John Alexander Symonds
Codename SKOT

The writer and documentary maker Jon Ronson interviewed me for his BBC Radio 4 programme Jon Ronson on Spying. The programme was broadcast on 3 May 2011. You can listen to the part of the programme about me by downloading the MP3 file by clicking on this link (11.8 MB zipped).

 


Below is a transcript of my interview.

 

Jon Ronson: What kind of person do you have to be [to make a good spy]? I’m in Folkestone, on my way to meet John Symonds, who is now in his seventies and trying to tell people about his spying days. It looks like a sort of sea-side-dy retirement block. I’ll take off my sunglasses; I don’t want him to think that the KGB are back. Hello?

John Symonds: Hello there.

Jon Ronson: John!

John Symonds: Yeah. Hi, come in.

Jon Ronson: When you were a child, did you want to have a life of adventure and intrigue?

John Symonds: Well, yes, I think so. I was a very adventurous child, and I was often in trouble for that, and I liked fighting.

Jon Ronson: That’s playground fighting?

John Symonds: Playground fighting, and I was always in trouble because I became a sort of a gang leader. I set up my own gang of small ruffians, and we used to chase other gangs and fight with them.

Jon Ronson: Did you ever hurt anyone?

John Symonds: Yes, I did

Jon Ronson: Did you feel sort of bad about it?

John Symonds: No, because what happened was, I was horribly bullied, and I said to my father, you know, I don’t want to go to school because this other boy keeps hitting me, and twisting my arm, and poking me, and so what he did, he showed me all the weak points of another small boy. You don’t hit him on the head; you hit him in the throat. Yeah? You don’t kick him on the shin; you kick him in the balls. So I went to school and sorted this boy out, and it was a good feeling. I can still enjoy that feeling now. And then I started going through the whole school.

Jon Ronson: But did you then become "the bully"?

John Symonds: Yeah, but not of innocent little children, I always went for a bully. I loaded my school bag with a huge heavy solid oak pencil box, and as he came past I took it out of my satchel, and bonk! And he was injured quite badly.

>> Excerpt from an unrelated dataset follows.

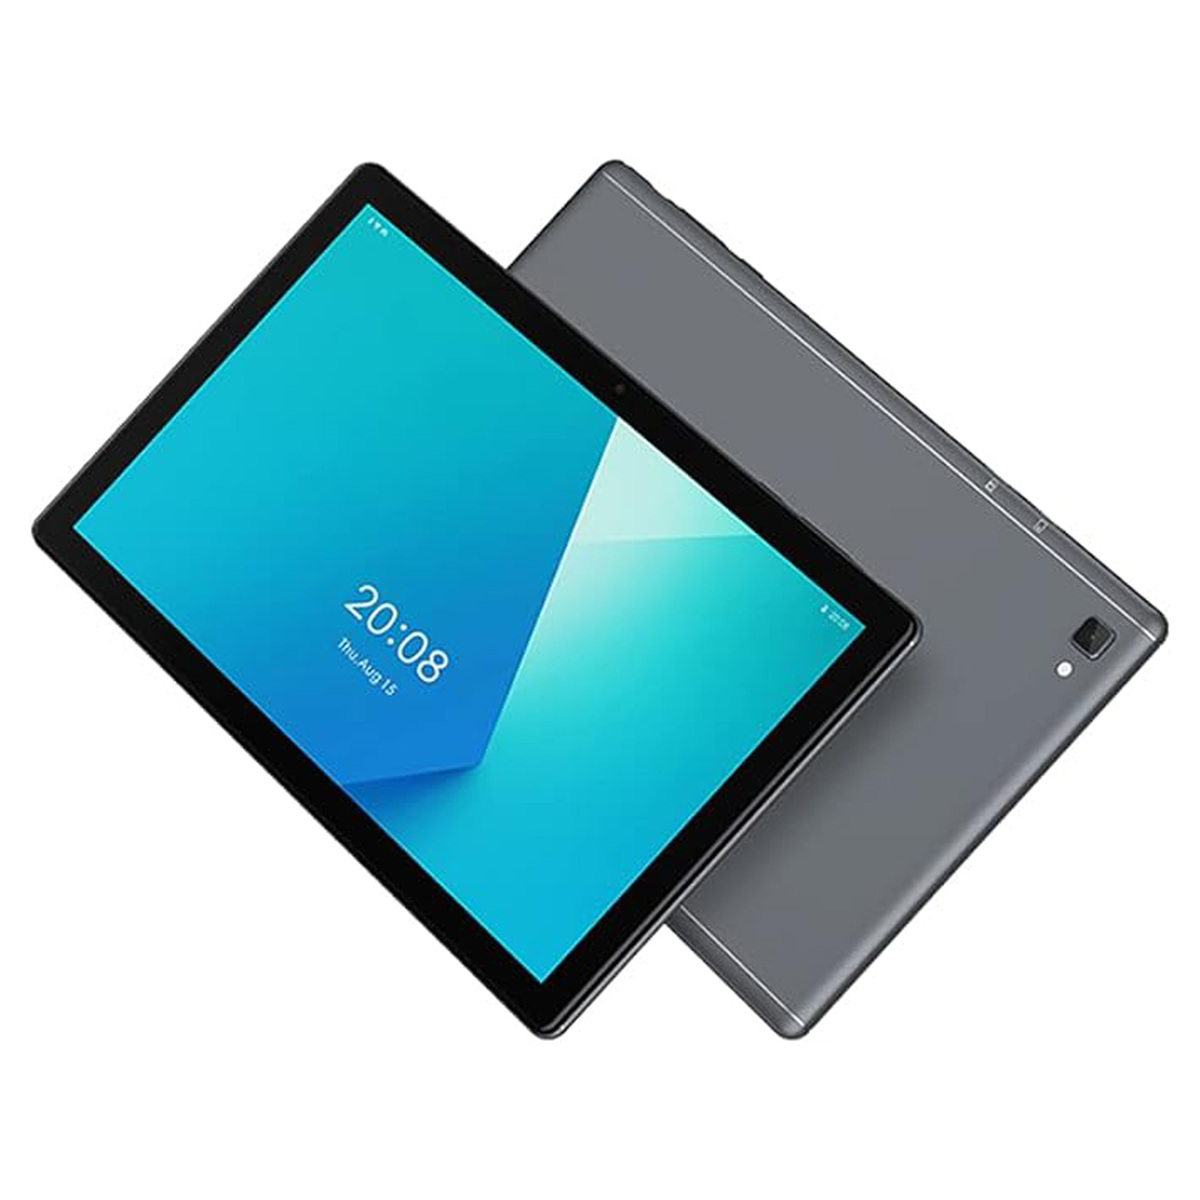 Gtab S12 3G Tablet, 10.1 inches Display, 2 GB RAM, 32 GB STORAGE, Gray

Jon Ronson: And how did that feel?

John Symonds: Good. Yeah. Good.

Jon Ronson: John grew up, left school and became a Police officer in the Flying Squad. But then one day, in the 1970s, he was accused of corruption. The newspapers said he took bribes from gangsters like Charlie Richardson. John denied it, and he still does.

John Symonds: I read in the paper one day that I was corrupt and I’d been demanding money off this poor little criminal - completely untrue. I knew I was fitted up and so I went abroad, and I thought well I’ll bring the whole ship down.

Jon Ronson: So John says he was bitter. He went to Morocco, and planned to write a book about Police corruption in London in the 1970s. But he never did wrote the book, instead he got involved with a bunch of shady former British soldiers, and then one day he got chatting to a friend of one of them who said he was a recruiter for the KGB. This could be an even better way of getting back at the UK, John thought.

John Symonds: You don’t just walk into the KGB. It is a long sort of process, and they check up on everything. How many children I had, and where were they now, and my own weaknesses.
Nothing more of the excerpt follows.